Caption for Figures
Figure 1. CRISPR/Cas9 mechanism of action . The type II CRISPR system is armed with CRISPR-associated protein, Cas9, that has two distinct domains named HNH-nuclease and RuvC-like nuclease, which produce double-stranded breaks (DSBs) in DNA of interest. The trans-activating CRISPR RNA (tracrRNA) and crRNA combine and form a single-guided RNA (sgRNA), a 17-20 nucleotide sequence that binds to the target DNA. sgRNA has a PAM sequence after the 3′ end of its sequence, guiding the Cas9 protein to generate DSBs in desired DNA. Next, DSBs undergo two different mechanisms of repairs, homologous directed repair (HDR) suitable for knocking in a specific donor DNA in the target DNA, and the non-homologous end joining (NHEJ) ideal for knocking out the target DNA.

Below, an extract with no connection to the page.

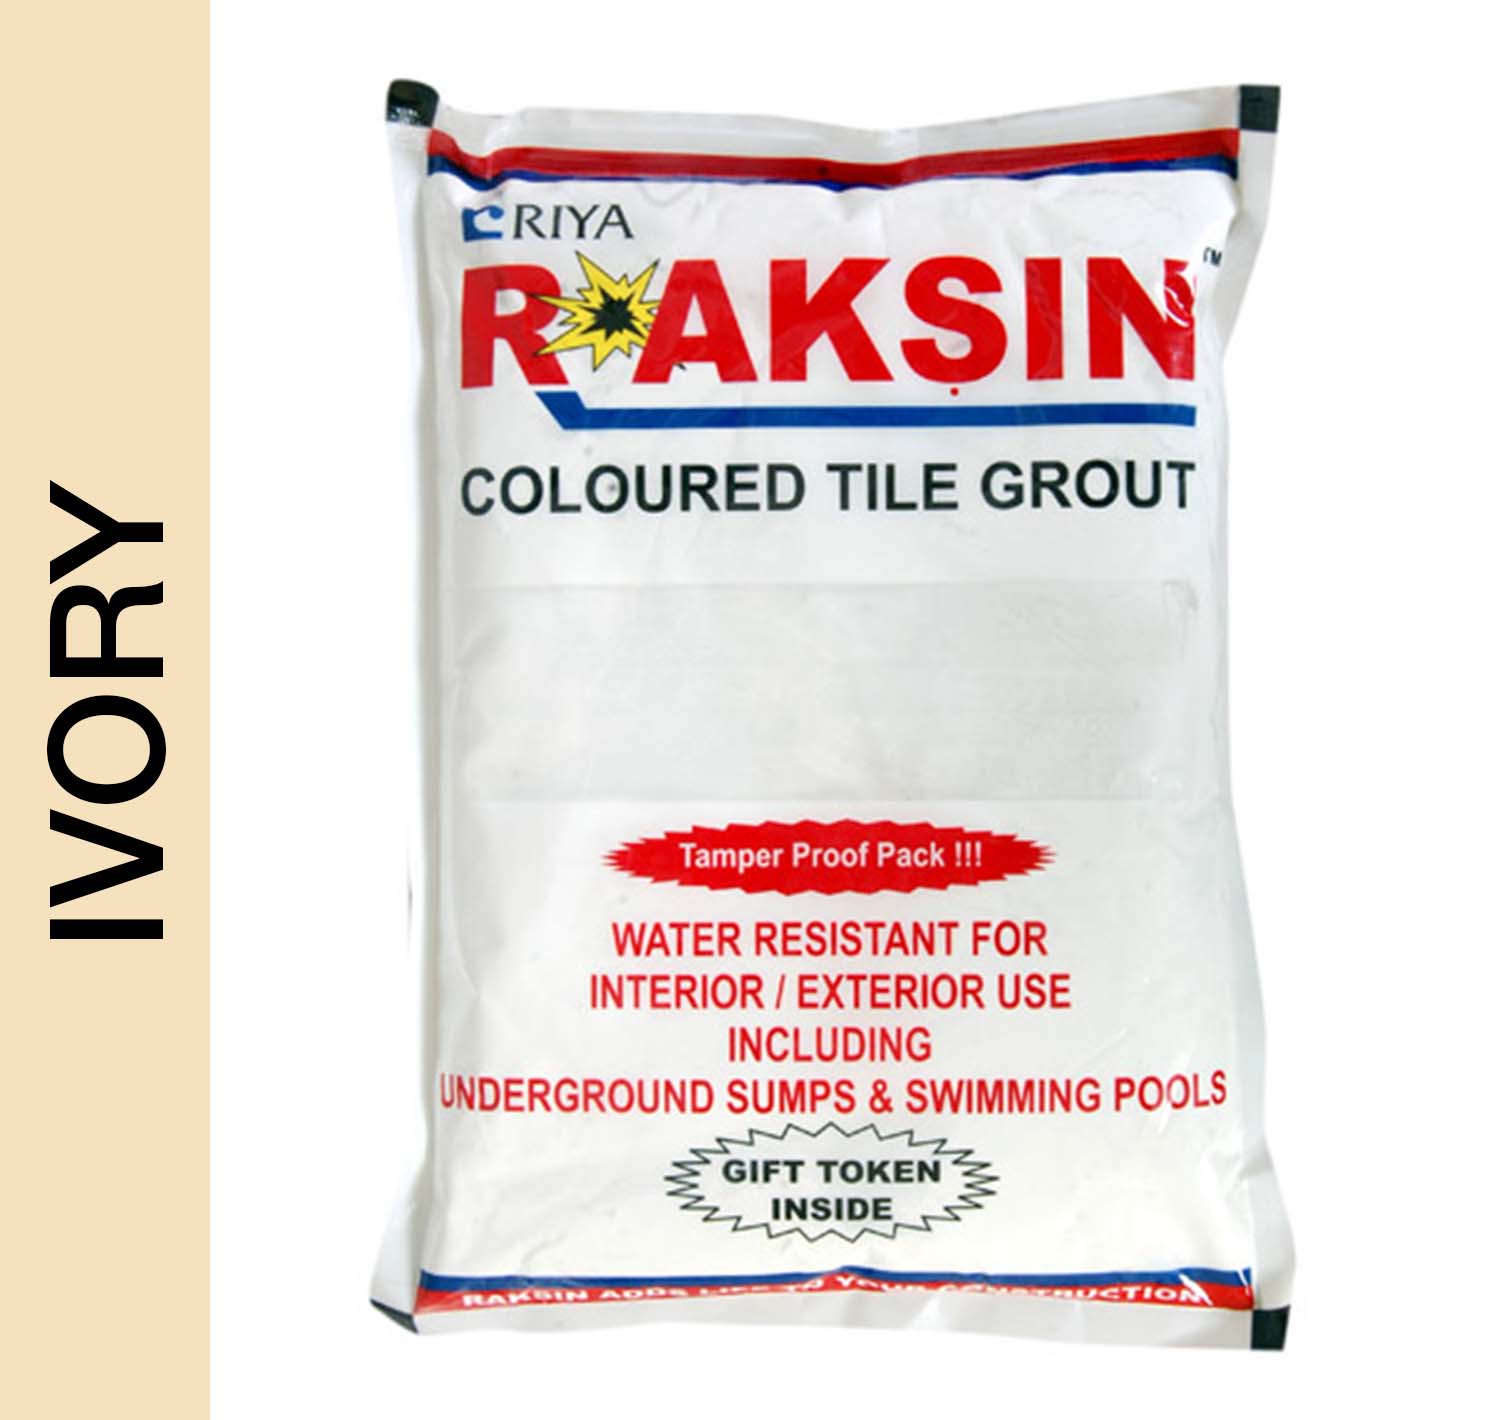 Riya Raksin Coloured Tile Grout Waterproof Cement Ivory

Figure 2. The general workflow for CRISPR Cas9-based CAR T-cell manufacturing . Peripheral blood mononuclear cells (PBMCs) obtain from the patient. Anticoagulants, red blood cells, and platelets contaminate the product would be removed in a washing step. Afterward, enrichment or depletion processes would be done for specific cell subsets. Next, T cells get activated by using different procedures, including monoclonal antibodies with interleukins (IL-2, IL-7, 1L-15), anti-CD3/CD28 antibody-coated magnetic beads, soluble CD3 antibody, artificial antigen-presenting cells (K562 cell lines), plate-bound antibody, and adhesion molecules (CD2). T cell activation pathways in cell culture media provide both the primary and co-stimulatory signals required to activate the desired T cells. In this stage, CAR transgene may be delivered into the activated T cells by different approaches, including viral (lentivirus and retrovirus) and non-viral (electroporation of naked DNA and transposon/transposase) methods or CRISPR/Cas9 system may be applied first into the T cells to target the gene of interest. Subsequently, the activated T cells undergo an expansion process for a certain period (depending on the methods of expansion, such as using static culture bags or dynamic culture vessels or rotating bioreactors). If CAR transgene first introduced into the T cells with no CRISPR/Cas9 transformation, (a), then the modified T-cells will be introduced with CRISPR/Cas9 components, (b), to target the DNA of interest in CAR T cells. There are different approaches to deliver CRISPR/Cas9: (I) transfection with DNA plasmid encoding both Cas9 protein and sgRNA, (II) the viral delivery using lentivirus and retrovirus, and non-integrating viruses such as adenovirus and adenovirus-associated virus (AAV), (III) transfection with mRNA that encodes Cas9 or separate sgRNA, and (IV) CRISPR delivery via Cas9 protein with guide RNA (ribonucleoprotein (RNP) complex). Finally, the prepared modified T-cells are calculated according to the patient’s condition and type of cancer, then ready to introduce the engineered T cells to the patient through IV injection or intratumoral administration.
Figure 3. Representation of CRISPR-edited CAR-T cell . CRISPR/Cas9 genome editing technology improved CAR-T cells performance in various ways, including targeting the Diacylglycerol kinases (DGKs) gene, and knocking out the TCR, HLA, and inhibitory receptors.